Kilpela ran regular trips to Isle Royale in the Queen II from 1971-1988. As the Island itself began to undergo changes (1976: the land was designated a National Wilderness Preservation System; 98% of the Island must remain wilderness—1981: the land is designated as an International Biosphere Reserve), Kilpela's business began to increase. He soon added two gift shops to his growing enterprise: Elizabeth's (named and run by his wife) and Ragamuffins (also run by his wife and his daughters), and he was looking to find a replacement for his current ferry. Despite his efforts, Kilpela could not find a new vessel worthy of the crossing, so he hired naval architect Timothy Graul to design a lengthening of his current ship. The Vinette Boat Company, which had built the original vessel, added 24 feet and a stern cabin to the Queen II. She was now 81 feet long, could carry 100 passengers, and could traverse the lake in about 3.5 hours.

In 1989, this new ship was renamed the Isle Royale Queen III. As well as having a new name, length, and carry capacity, the new Queen could handle rough seas much more easily with her longer hull. The names that had been bestowed on the earlier ship, such as the "Barf Barge", "Chuck Wagon", etc. were transferred over (the new ship still couldn't handle high seas very well), but were used much more sparingly. The Queen III lasted until 2004, when Kilpela decided to replace, yet again, his older vessel.
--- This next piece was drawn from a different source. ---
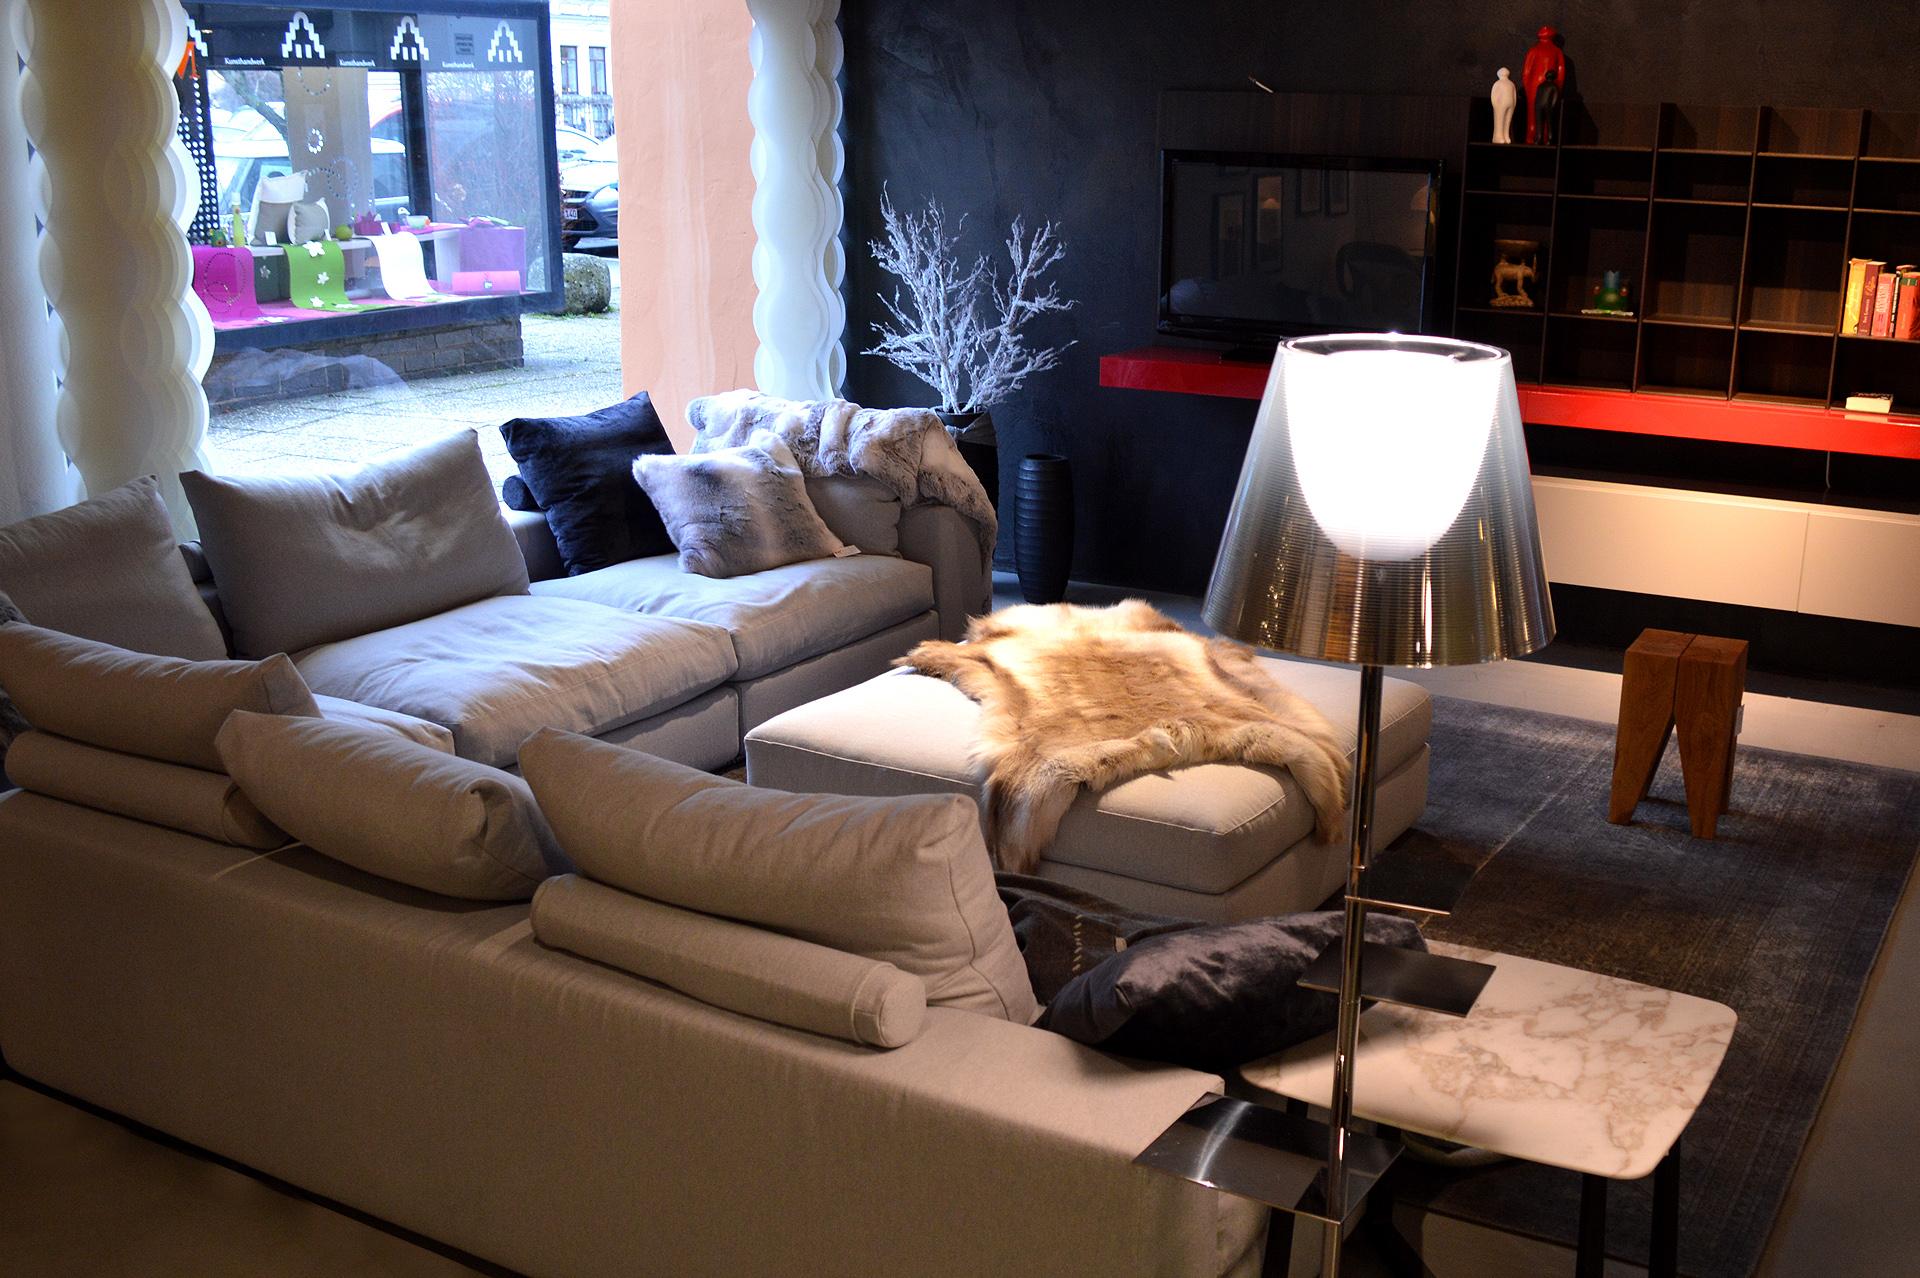 Italienisches Sitzgefühl und urbaner Luxus - das Groundpiece Sofa von Flexform #wohnzimmer #ecksofa #stehlampe #sofa ©günstigerdesign
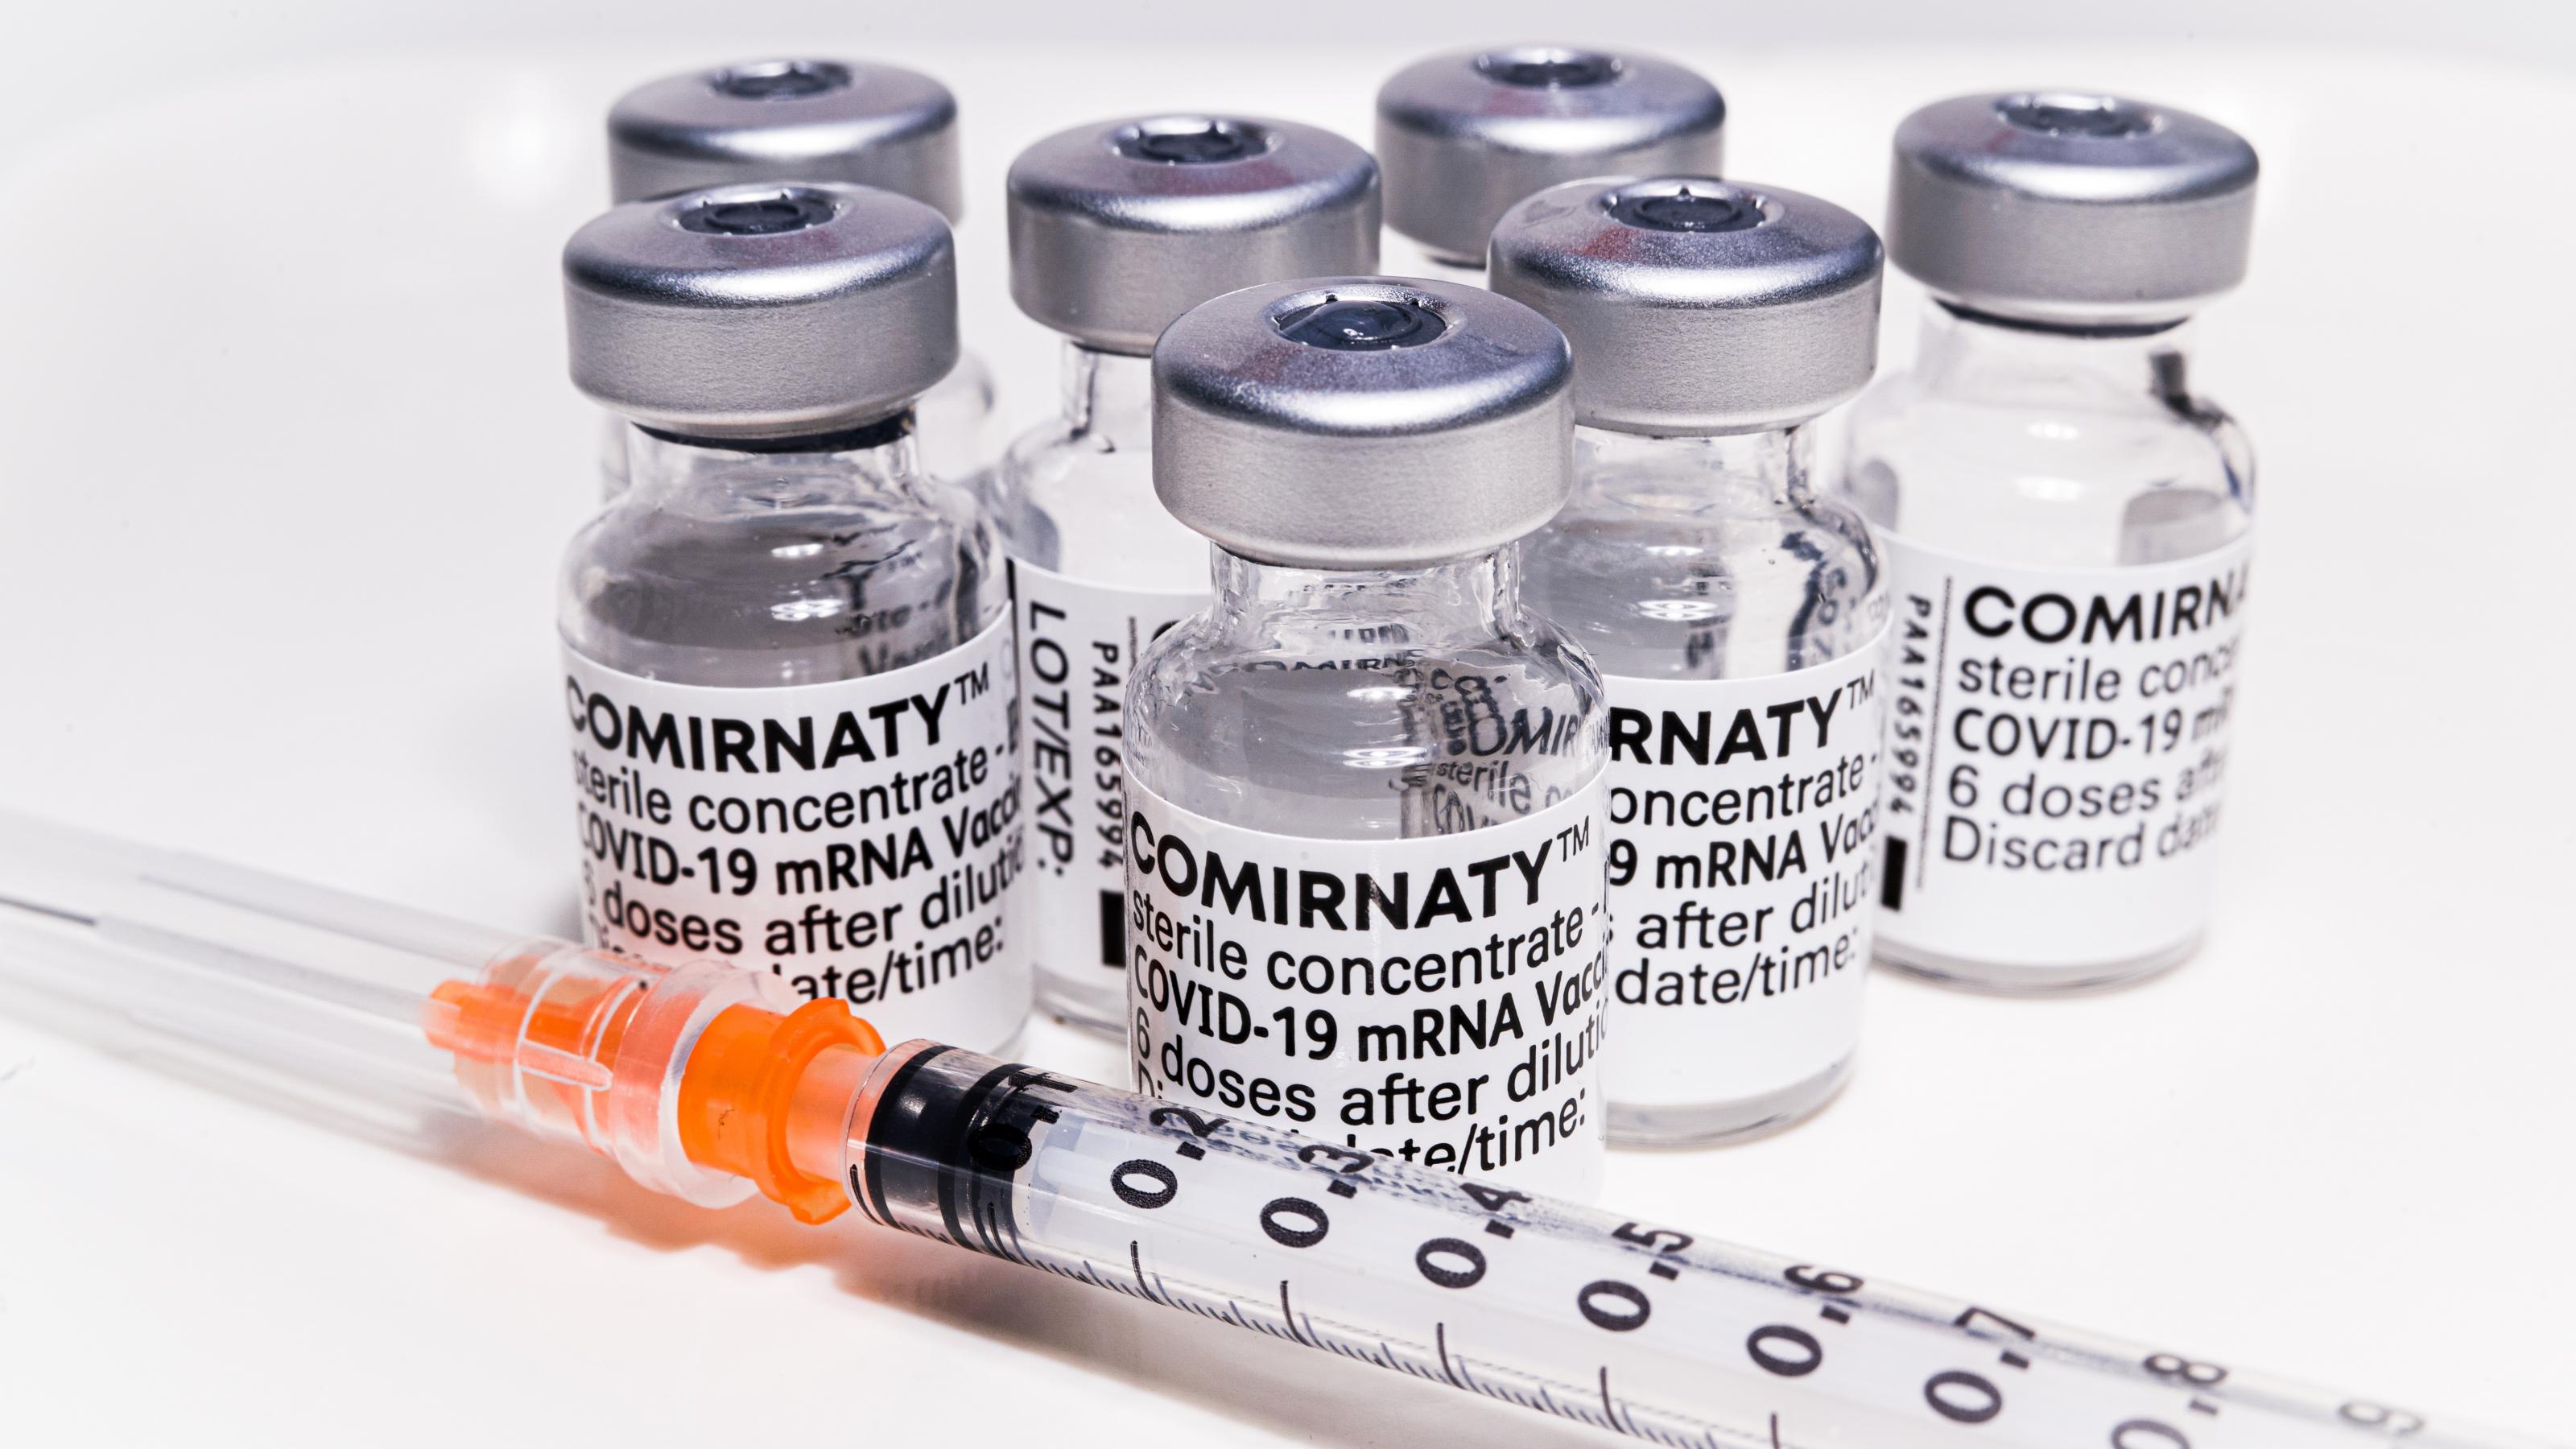 Auf dem Foto sind mehrere Ampullen mit dem mRNA-Impfstoff Corminaty abgebildet. Darunter liegt eine Impfspritze.

After nearly two years of searching, Kilpela found his new ship: the American Freedom, which was then docked in Cape Canaveral. Kilpela and his three sons sailed the ship up three rivers, into Lake Michigan, and finally, to Copper Harbor, where it was renamed the Isle Royale Queen IV. At 100 feet long, 20 feet wide, with spacious cabin space, she could make the crossing in just over three hours. Donald Kilpela Sr. retired from captaining duties several years before he purchased the Queen IV, and the duty passed to his three sons, Donald Jr., Ben, and John Kilpela.